Category Dualtron Dolphin InMotion S1F
Weight ✅ Lighter, more manageable ❌ Noticeably heavier overall
Range ❌ Adequate but limited ✅ Truly long-distance capable
Max Speed ❌ Lower cruising ceiling ✅ Higher, still sensible
Power ❌ Modest single-motor grunt ✅ Stronger, better on hills
Battery Size ❌ Smaller capacity pack ✅ Bigger battery onboard
Suspension ❌ Good, but shorter travel ✅ Plush, more compliant
Design ✅ Compact, industrial Dualtron vibe ❌ Bulky, less city-friendly
Safety ✅ Drums, ABS, predictable ❌ Braking feel less intuitive
Practicality ✅ Easier to store, fold ❌ Bulky indoors, on transit
Comfort ❌ Comfortable, but not plush ✅ Limousine-grade ride
Features ✅ ABS, signals, app ✅ Auto signals, dual charge
Serviceability ✅ Widely known Dualtron platform ❌ Less common in workshops
Customer Support ✅ Strong Dualtron dealer net ✅ Good InMotion ecosystem
Fun Factor ✅ Nimble, playful in city ❌ More cruiser than playful
Build Quality ✅ Solid, overbuilt feel ✅ Sturdy, integrated chassis
Component Quality ✅ Quality brakes, hardware ✅ Quality suspension, tyres
Brand Name ✅ Iconic Dualtron pedigree ❌ Less scooter prestige
Community ✅ Huge Dualtron user base ❌ Smaller S1F-specific crowd
Lights (visibility) ✅ Good all-round visibility ✅ Excellent, especially sides
Lights (illumination) ❌ Low-mounted, limited reach ✅ High, road-focused beam
Acceleration ❌ Mild but smooth ✅ Stronger, more urgent
Arrive with smile factor ✅ Engaging city character ✅ Comfort keeps grin going
Arrive relaxed factor ❌ Fine, but more tiring ✅ Extremely relaxed posture
Charging speed ❌ Slow on single charger ✅ Faster, dual-port option
Reliability ✅ Proven Dualtron commuter ✅ Solid InMotion reputation
Folded practicality ✅ Small, narrow footprint ❌ Wide, tall when folded
Ease of transport ✅ Doable stairs and cars ❌ Awkward to lug around
Handling ✅ Agile, easy to place ❌ Stable but less nimble
Braking performance ✅ Predictable, well-balanced ❌ Effective, but odd feel
Riding position ❌ Compact, less relaxed ✅ Upright, roomy stance
Handlebar quality ✅ Folds, decent ergonomics ✅ Solid, tall, integrated
Throttle response ✅ Smooth, controllable ✅ Smooth, torquey
Dashboard/Display ❌ Less legible in sun ✅ Larger, brighter layout
Security (locking) ✅ App/NFC options available ✅ App-based controls too
Weather protection ✅ Good IPX5 commuter rating ✅ Slightly better sealing
Resale value ✅ Strong Dualtron desirability ❌ Less iconic on used market
Tuning potential ✅ Lots of Dualtron mods ❌ Fewer tuning options
Ease of maintenance ✅ Drums, solid rear tyre ❌ More tyre, suspension work
Value for Money ✅ Great real-world commuter value ❌ Needs long rides to justify

Overall Winner Declaration

Winner

In the Numbers Freaks Corner, the DUALTRON Dolphin scores 4 points against the INMOTION S1F's 7. In the Author's Category Battle, the DUALTRON Dolphin gets 27 ✅ versus 23 ✅ for INMOTION S1F (with a few ties sprinkled in).

Totals: DUALTRON Dolphin scores 31, INMOTION S1F scores 30.

Based on the scoring, the DUALTRON Dolphin is our overall winner.
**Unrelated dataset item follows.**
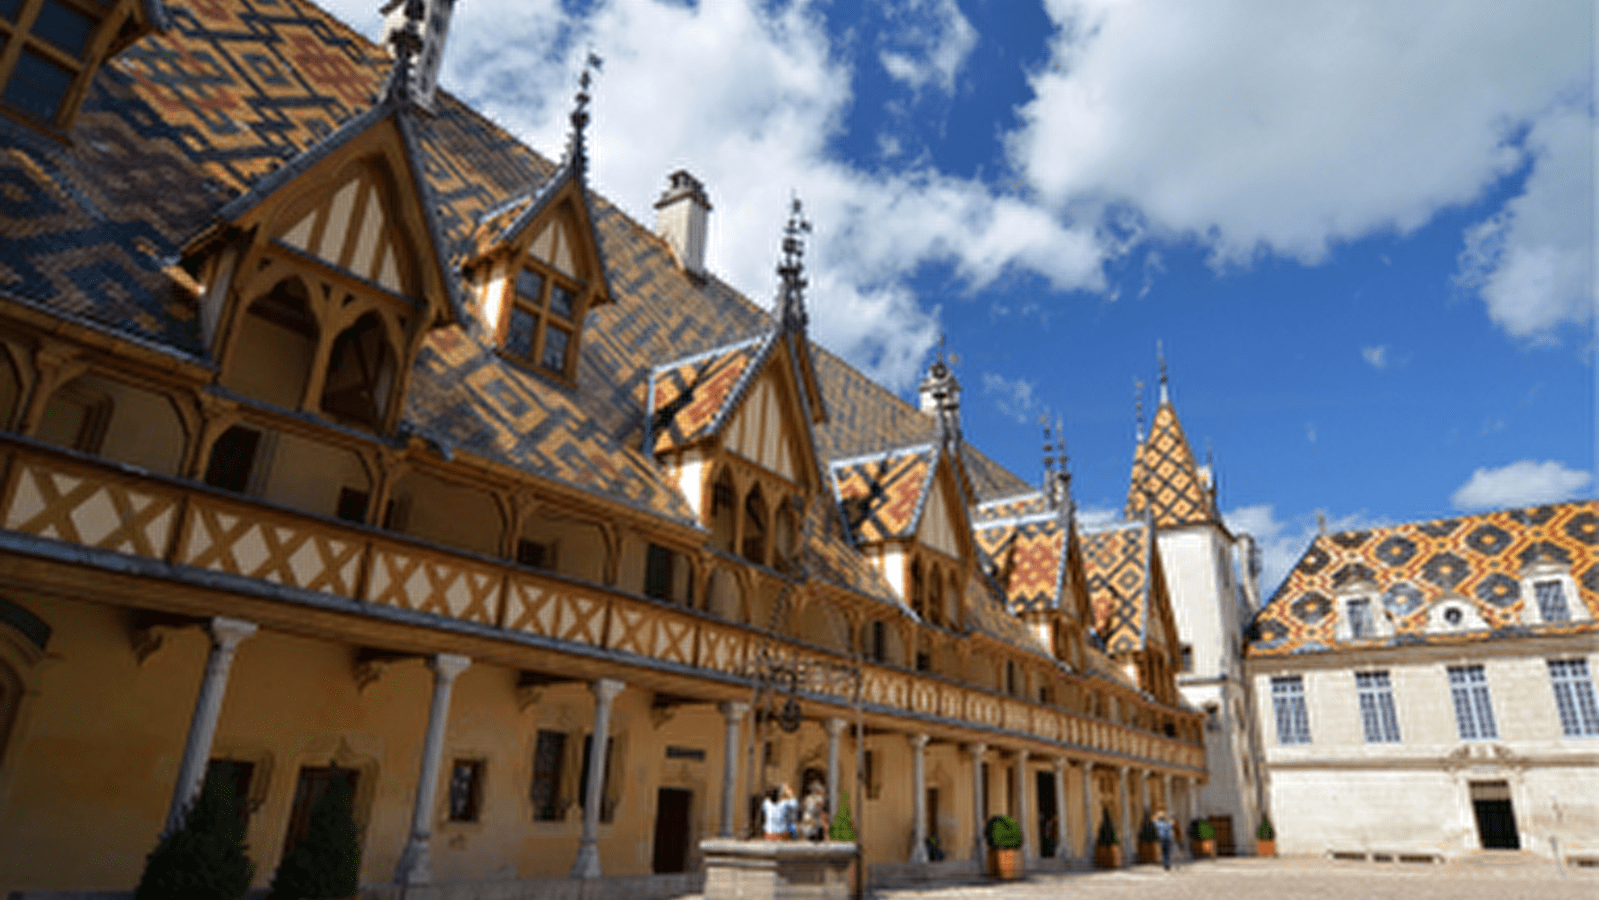 Discovering the vineyards and canals of Burgundy

In daily use, the Dualtron Dolphin simply feels like the more complete city companion: it's strong where it matters, rarely gets in your way, and quietly delivers that reassuring "this will just work" feeling every morning. The InMotion S1F impresses hugely on paper and on long rides, but unless you truly need its marathon legs, you're living with a lot of scooter for gains you may only occasionally use. If my own money were on the line for a real-world mixed urban life, I'd ride home on the Dolphin. The S1F is a fantastic distance machine, but the Dolphin is the one that slots into your routine and keeps rewarding you with every uncomplicated, confident trip.

That's our verdict when we try to stay objective – but hey, riding is mostly about emotions anyway, so pick the one that will make you look forward to your commute every single day.